Adolf Muench House facts for kids
Quick facts for kids
Adolf Muench House, "the Manor"
The Adolf Muench House viewed from the south
|Location||653 5th Street East
Saint Paul, Minnesota
|Architect||Emil W. Ulrici|
|Architectural style||Queen Anne|
|NRHP reference No.||75001012|
|Added to NRHP||May 12, 1975|
The Adolf Muench House is listed on the National Register of Historic Places in Saint Paul, Minnesota, United States. The 1884 house designed by Emil W. Ulrici overlooks Saint Paul from the bluffs east of downtown.
Germans were one of the earliest immigrant groups that came to Saint Paul. As many of them became prosperous, they moved into Dayton's Bluff and built substantial homes for their families. Several, including the home of Adolph and Anna Muench, were set at the edge of the bluff to take advantage of the descending landscape that allowed for a view of Phalen Creek and the Mississippi River. The Munches began residing at this address in 1873, in an earlier house that burned down in 1884. The current structure, was built the same year at a cost of $10,000 and had the nickname of, "the Manor".
Adolph was a prominent member of the German American community. He was in the lumber business until becoming publisher of the Volkszeitung, a German-language daily newspaper. Anna died in 1896 and, when Adolph died in 1901, the house was offered for sale. After staying empty for two years, it was converted into duplex and was rental property for several decades.

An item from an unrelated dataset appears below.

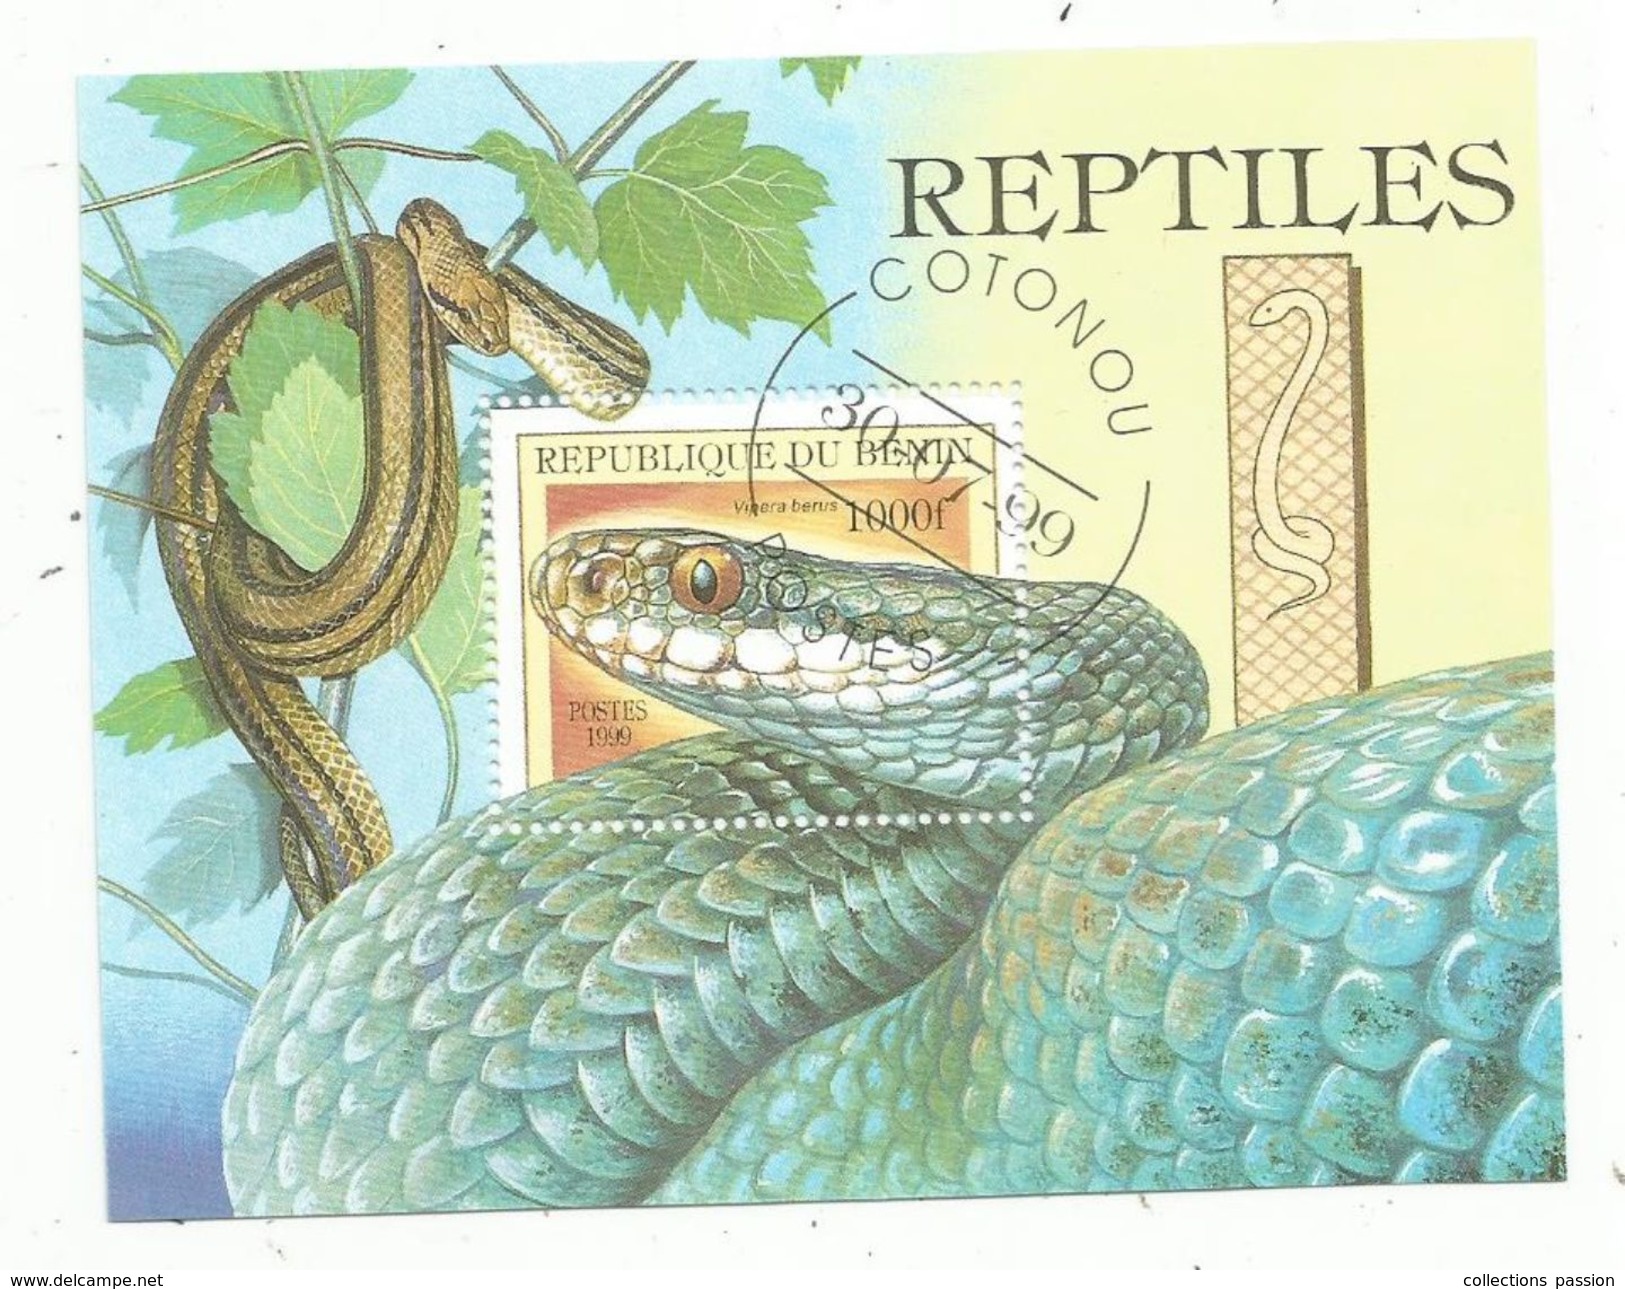 Timbre , REPTILES , Serpents , REPUBLIQUE DU BENIN , 1000f , Cotonou , 1999 , Vipera Berus - Serpents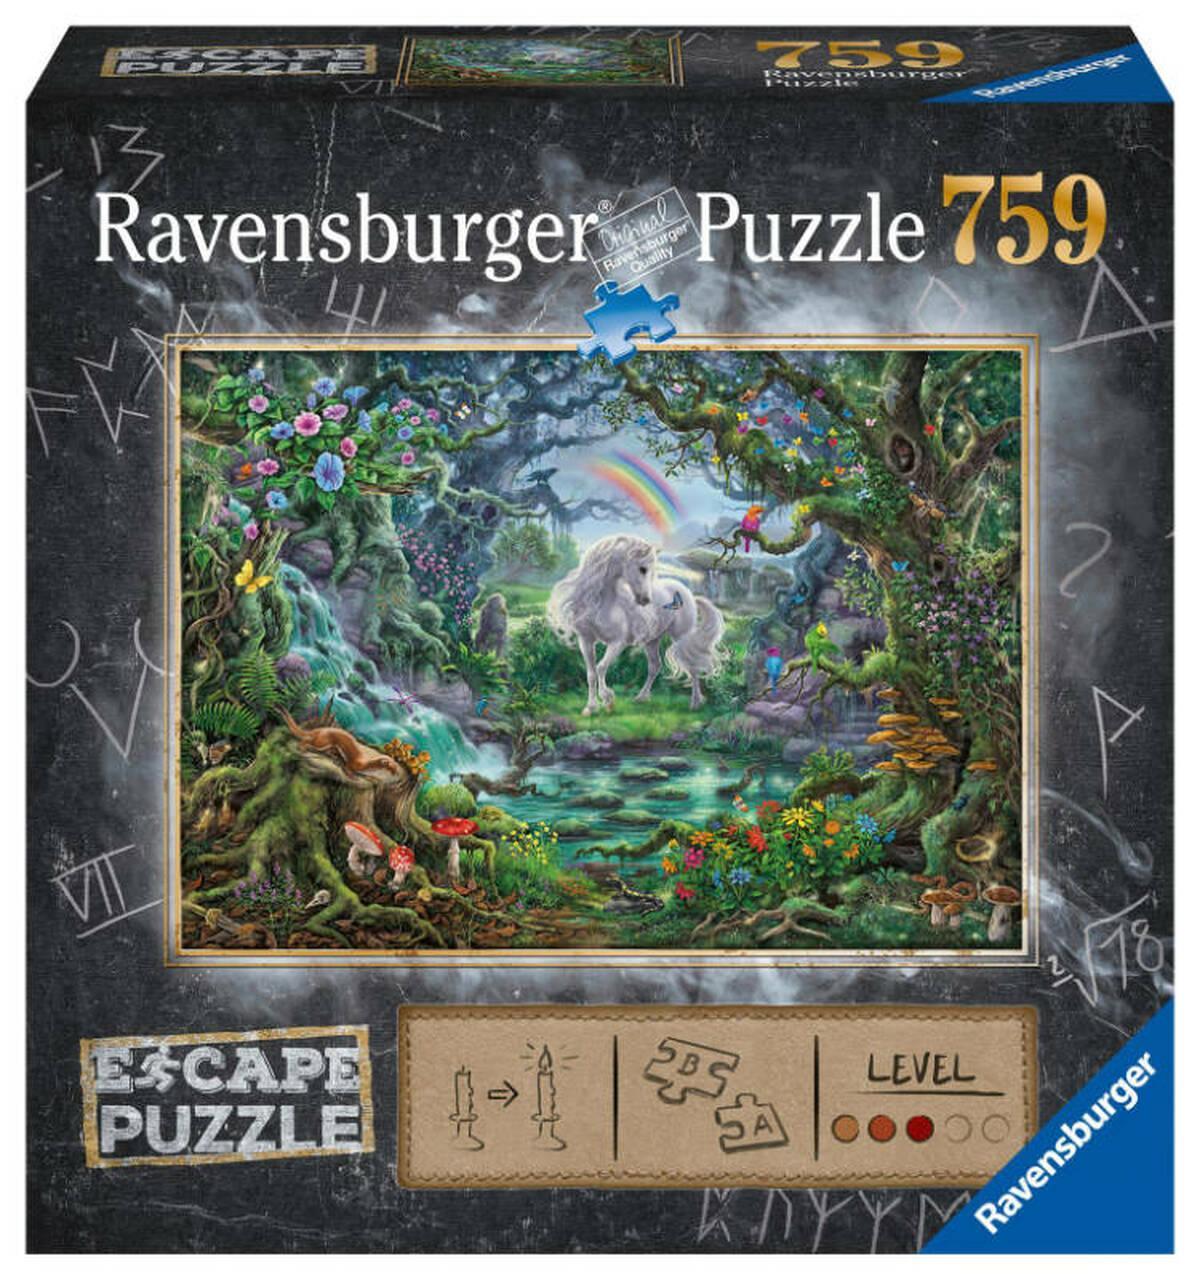 Ravensburger | Escape Puzzle: Unicorn 759 Piece Jigsaw Puzzle

One descendant fondly remembered the traditional Fourth of July parties at the house. The lawn was dotted with Japanese lanterns and carriages were crowded in the turnaround. Every summer there were ice cream socials among the lilac bushes and oak trees.
Local architect Emi Ulrici designed the new house that was completed at 653 East Fifth Street. Ulrici, a German-American, who built almost exclusively for his prosperous fellow immigrants that were scattered throughout Saint Paul in the 1880s. This Queen Anne style with asymmetrical towers gables and balconies with a traditional tower is considered the finest of his surviving residential commissions. It was added to the National Register of Historic Places in 1977 and was owner occupied until 2017.
Purchased in 2017 by one of the largest and fastest growing, St Paul-based Real Estate Investor group, Dadders Estates est 1997, with CEO Joe Collins and CFO Tom Gallagher, both St Paul natives and long time Real Estate investors. The plan moving forward is to make cosmetic updates to the property and offer for Lease or potentially for short term vacation rental.